Because I didn’t run this empirically, I can only subjectively say that during those periods the model was more likely to discard existing decisions. I needed to be often adamant about accessibility, and usability considerations because changes made during those hours would break established improvements.

My takeaways

At the end of this trial period I had something I would be able to release. This stands in contrast with my experience over the last year. There is much that can be attributed to better harnessing of the models, such as their encoded reliance on writing tests even when unprompted. I would guesstimate that the LLM took me around to 90%, functionally, towards how I was envisioning the project as it was being built.

What is the license and liability of this code? The current critical consensus is that GenAI code is uncopyrightable unless enough human authorship is demonstrable. If prompting the model can be considered enough is something that still needs to be settled. In terms of liability how can one assure that outputs conform to existing requirements without reviewing changes to their fullest? These questions will hopefully be answered by December this year when the Cyber Resilience Act comes in full effect.

There is no denying that vibe-coding today leads to more consistent results than before. However it might be worth considering that if we use them as prototyping tools, we could also start applying an old principle from the book Mythical Man-Month - that is - build one to be thrown away. The process of building is the process of learning the domain. What if we use them more for learning the problem space, instead of producing software that goes straight to production with all the liabilities involved?

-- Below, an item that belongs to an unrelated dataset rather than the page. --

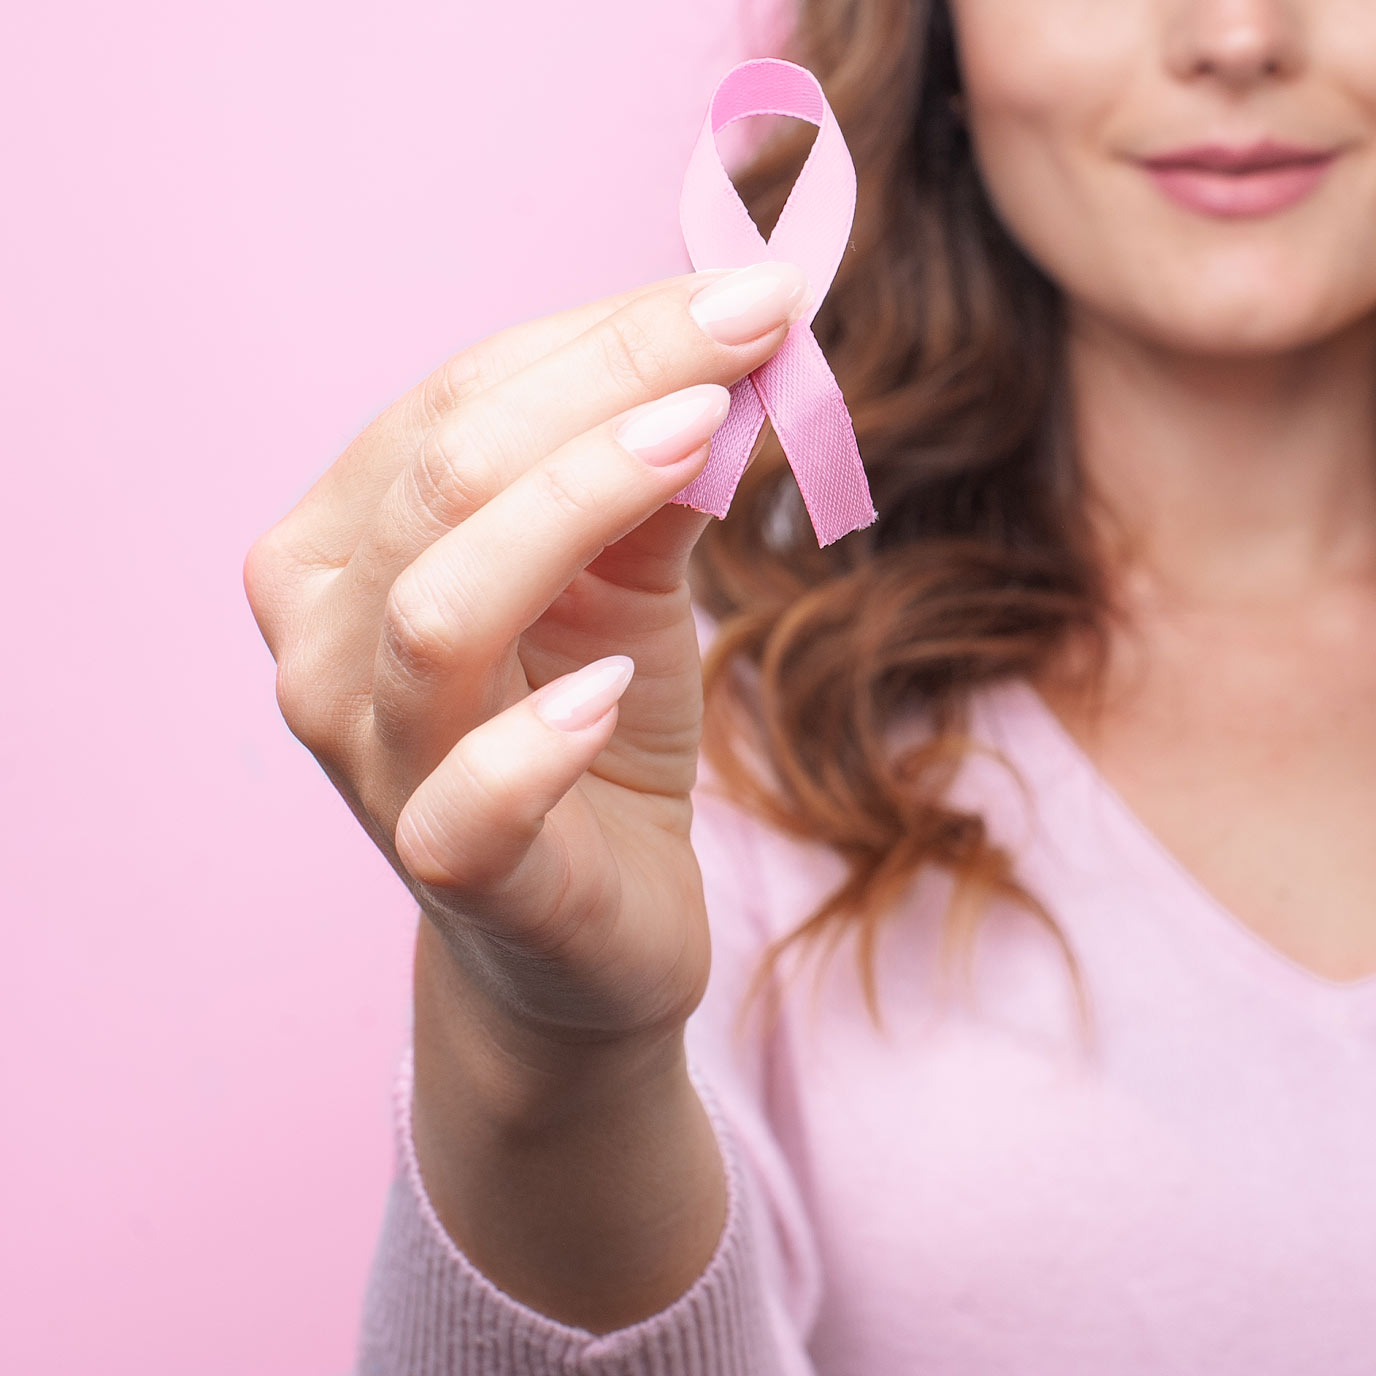 Read about breast cancer risk with HRT and why how you metabolise estrogen matters

A video demo of the plugin in action with trivial examples, backed by the self-hosted gpt-oss-20B model.

vibe-coding:
a term used to describe programming with the assistance of AI without any manual intervention or review of the generated code.
agent:
an orchestration approach in which a model is given the tools and automated oversight to complete tasks autonomously.
codex: OpenAI's coding agent tooling that runs in the terminal.
end‑to‑end tests:
a test that exercises the entire application stack from user input to its last output.
AGENTS.md:
a markdown file that documents the capabilities and usage patterns within a project for the agents.
Mythical Man‑Month:
a classic book on software engineering that famously states “adding manpower to a late software project makes it later.”